На острове, который каждая нация называет по-своему, лежит крепкий, стройный городок. Похоже, будто кто-то сильный взял кусок большого европейского города и осторожно положил его на каменный откос острова. Великолепные дома, асфальтовые улицы, многоязычная и пестрая нарядная толпа — все это так далеко от того, что видел я на противоположном конце острова, где рядом с унылым лагерем для русских беженцев, ютящихся в полинявших палатках, многозначительно белеет целый лес крестов с русскими именами.
Там голые камни и тоска, здесь шумный праздник и сплошные рестораны, блестящие экипажи, крикливые автомобили, а по воде, у берега, бесчисленные стаи быстроходных лодок и моторов.
Как легкую песчинку по руслу многоводной речки меня увлекает людской поток. Крики, шумы и гам, чужой язык, чужие лица и глаза, беспечные улыбки, опрятный вид панелей, соблазнительная роскошь магазинов — все это в душе моей лишь углубляет безотчетную обиду и подчеркивает нашу всероссийскую, всеобщую нищету и грязь, приниженность и скорбь, разлитую по всему миру, который поглотил и рассосал теперь миллионы русской бури.
И вот на узком перекрестке улицы, где толпа сгустилась и замедлила движение, я вдруг слышу детский окрик на родном мне русском языке:
— Давайте — сапоги почищу!
И приказывающий стук сапожной щетки об ящик подчиняет меня.
Я гляжу под ноги и вижу поднятое вверх задорно улыбающиеся личико с нежной белизною кожи, на которой так заметна уличная пыль.
— Ты русский?
— Ну, конечно! — весело ответил он, умело и бесцеремонно овладевая моей правой ногой.
— Откуда ты?
— Из Ярославля…
— А где твои родители?
Вместе со щеткою в руке он махнул в неизвестном направлении, и гам прохожих заглушил его ответ.

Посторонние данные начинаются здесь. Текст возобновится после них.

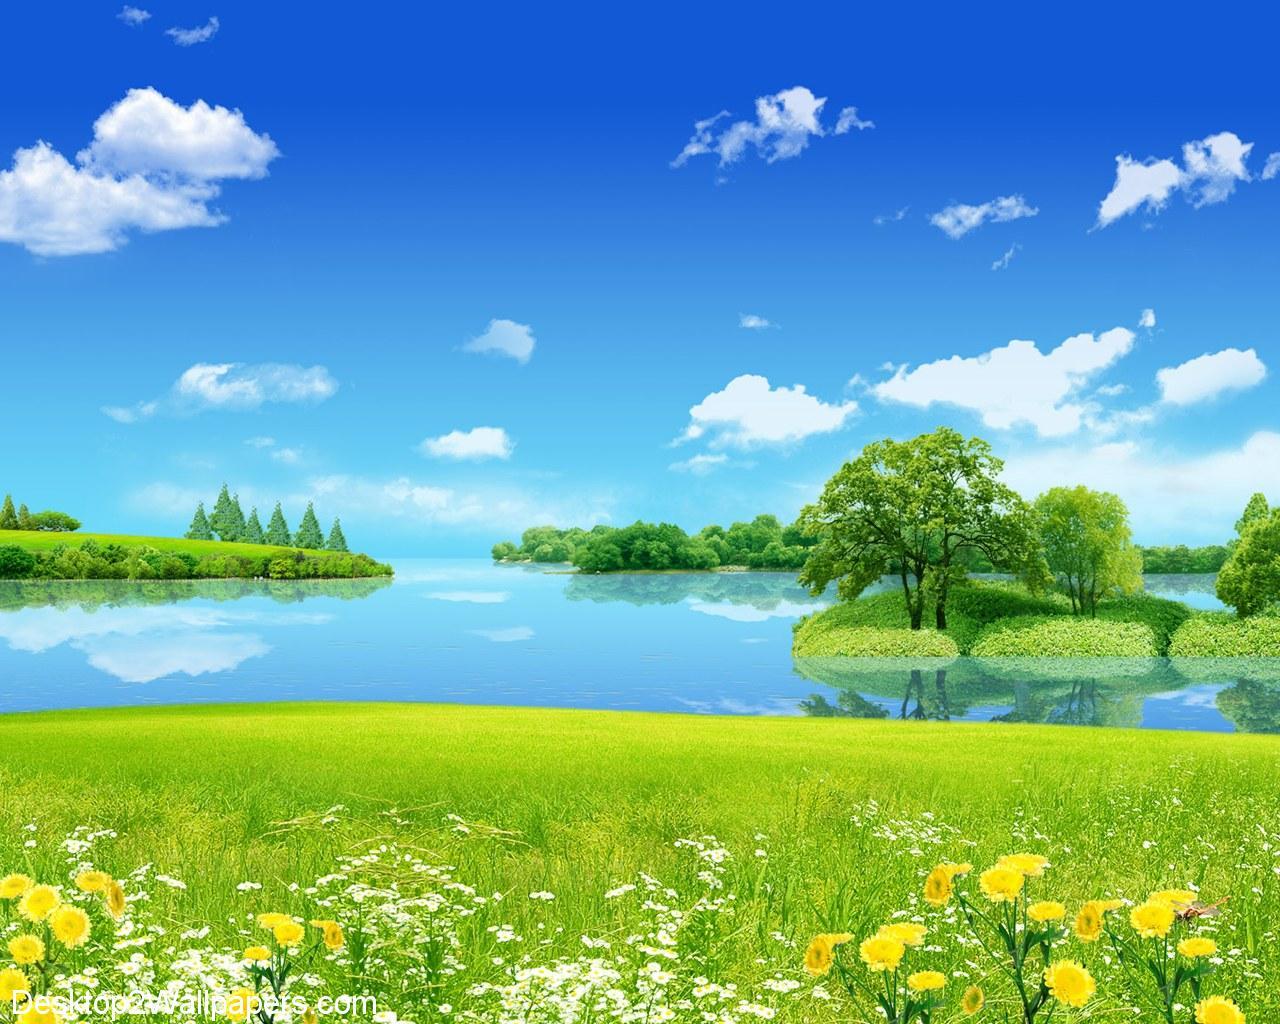 Wallpaper download 3d - Free 3d Wallpaper Download 58 Hd Wallpaper 3d Desktop Backgrounds

Я низко наклонился к нему. Из-под воротника рубашки выглядывала нетронутая солнцем частица его трогательно-бледной шейки. Это почему-то мне напомнило о моем сыне, когда ему было восемь лет. Теперь ему тринадцать и все эти пять лет я его не видел. Одна острей другой тревоги ворвались мне в душу: родина так далека, так далека и безвестна жизнь в ней… Где он?.. Жив ли?..
Я снова стал расспрашивать мальчика. Он отвечал отрывисто и нехотя, и все же я узнал, что он сын директора государственного банка, что мать его лежит в параличе — у нее убили двух старших сыновей. Отец остался заложником в Москве — что с ним сталось — неизвестно. Теперь англичане ‘сняли русских’ беженцев с пайка и все они остались без куска хлеба и должны работать…
— Теперь все должны работать! — гордо заключил мальчик и весь ушел в старательную чистку моих сапог.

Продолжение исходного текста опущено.